I stare out the window at the city lights as my coffee shop hero fights through traffic to bring me to the hospital. The heartbeat of Miami is just starting to thrum at this time of night, while mine is slowly dying. I know that in just a few short blocks this will all be over. I will probably never see him again outside of my dreams, and I’ll have to go home and face Bastain. And the earth-shattering truth that threatens to tear my world apart.

The ibuprofen mystery guy gave me just before we left is helping a great deal with the pain and throbbing in my head. Or maybe it’s the company, or his gentle touch and kind smile. An energy I haven’t felt in years pulsates through my body whenever he’s near. The day I saw him in the coffee shop, he mesmerized me with his seductive smile and gracious manners. But, tonight he caught me by surprise with his exquisitely sculpted abs and tattoo covered arms. I knew he was fit, but I never would have guessed all that lay hidden beneath his three-piece suit. There was something so rugged and raw about his shirtless appearance that’s such a contrast to the calm and gentle way he was touching me. The way he looked at me when he lifted me up and brought me inside the gym. And again, when he brought his hand to my face, leaving a trail of blazing fire with his light strokes against my lips. I think he felt it too, or at least I hope he did. But he never acted or spoke out of line. I have no doubt he knows I’m lying about the accident, but he never attempted to argue.
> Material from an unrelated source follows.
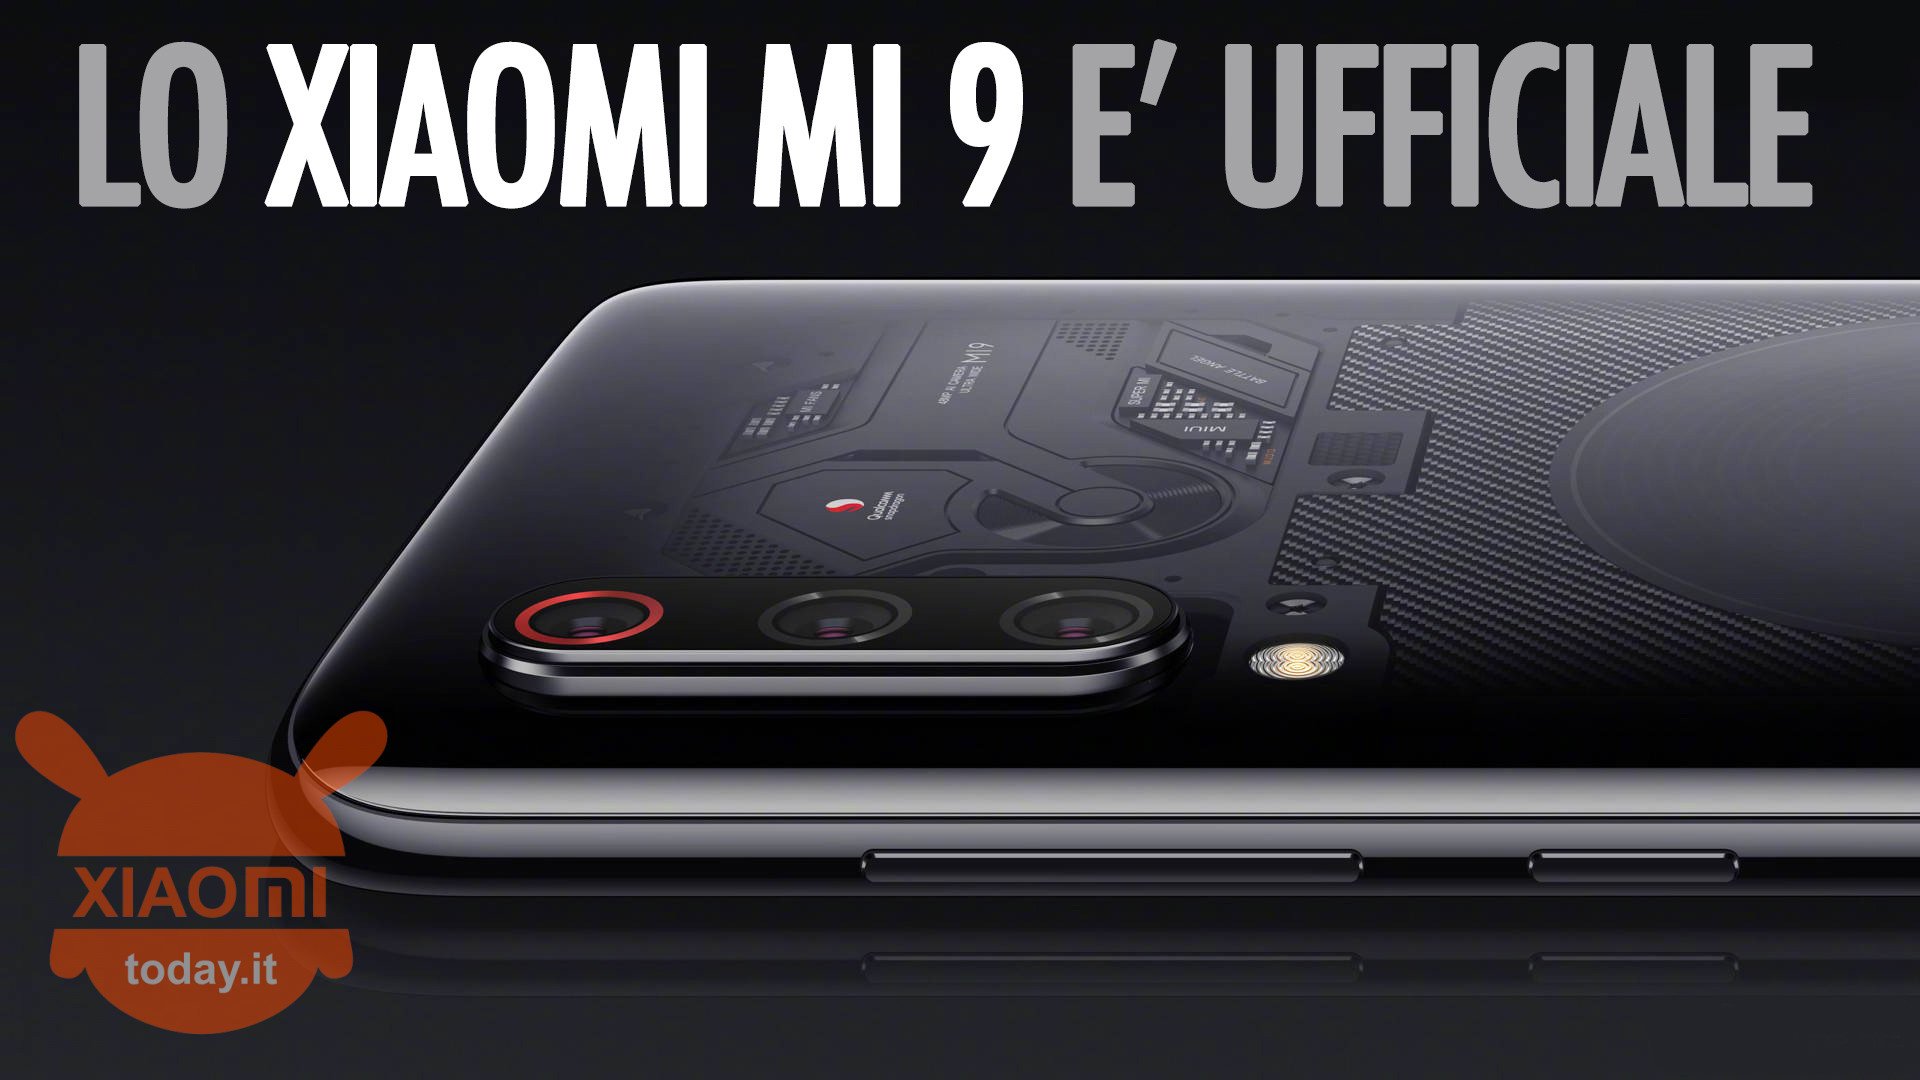 Especificacions tècniques del Xiaomi Mi 9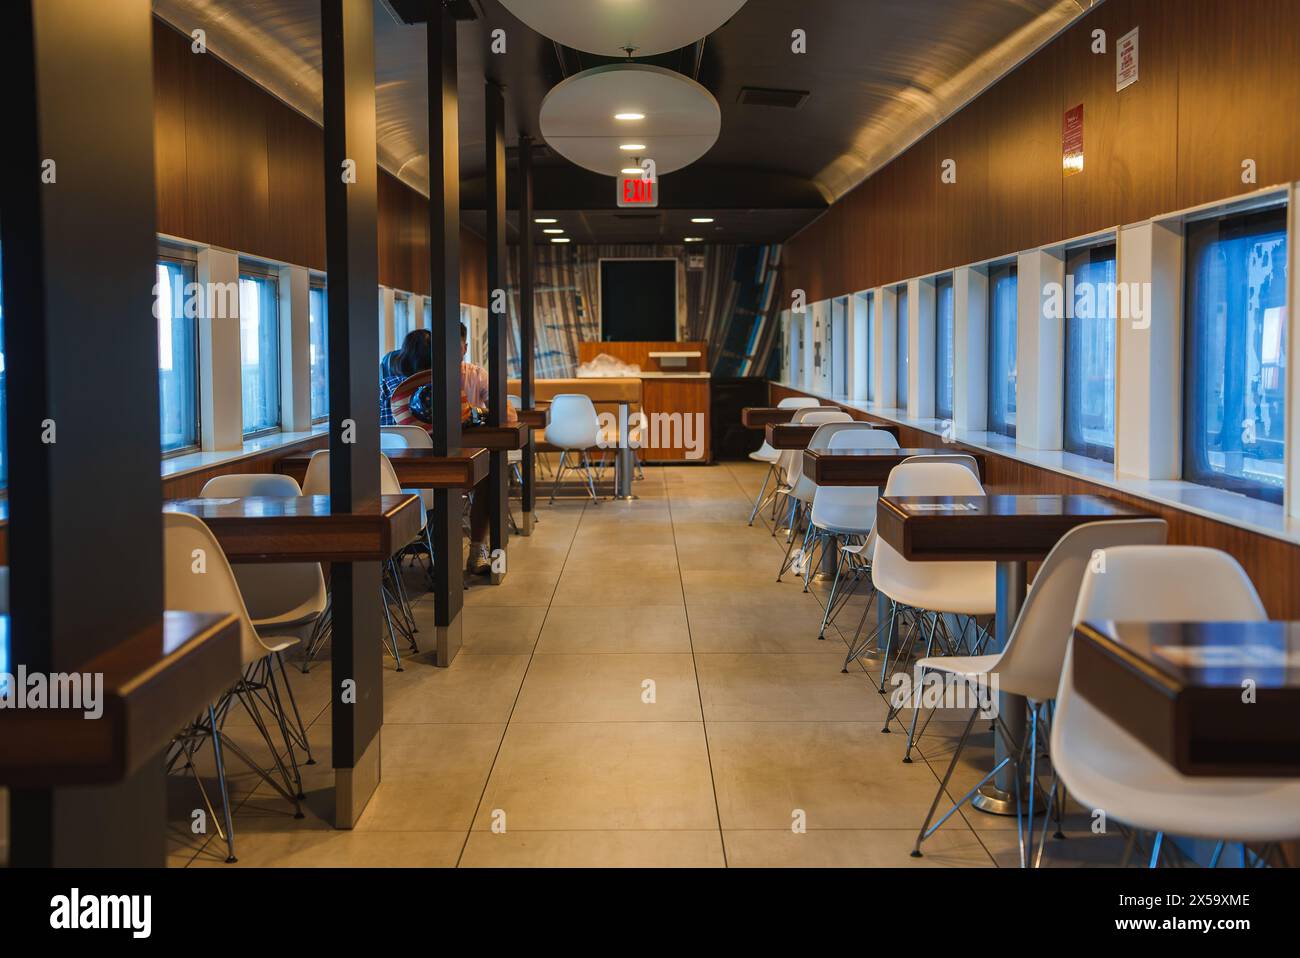 Intérieur de salle à manger à thème route 66 avec ambiance rétro moderne, Barstow, États-Unis Banque D'Images

Six blocks later, he pulls into a parking space near the hospital’s emergency room and looks over at me. We haven’t spoken a word in twenty minutes. He’s avoiding asking obvious questions, and I’m relieved I don’t have to tell him anymore lies. His deep, brown eyes meet mine, breaking through barriers I have spent years building up. It would be so easy to crawl inside his chest and let him keep me there, safe and sound, the way he made me feel tonight. But, I have demons to battle, and no one, not even me, can feel safe until they’re buried deep within the belly of the earth where they belong.

“You didn’t honestly think I was going to let you do this alone, did you?” he says, a defiant smirk threatening his lips.

Well, I was hoping you would, yes.

I paint a grateful smile on my face and take his hand, sending a sensual tenderness shooting through my bloodstream. I wish he could come inside with me. I wish he could take me home. I wish I could hide in the warmth of his smile forever. His jaw twitches as he reaches forward to stroke my unbruised cheek. I can’t. I can’t risk Bastain seeing him. I’m here because I spent five minutes too long on a dance floor. I don’t want to think about what would happen if he knew this man had touched me. I have to keep this secret. I have to keep us safe. Both of us.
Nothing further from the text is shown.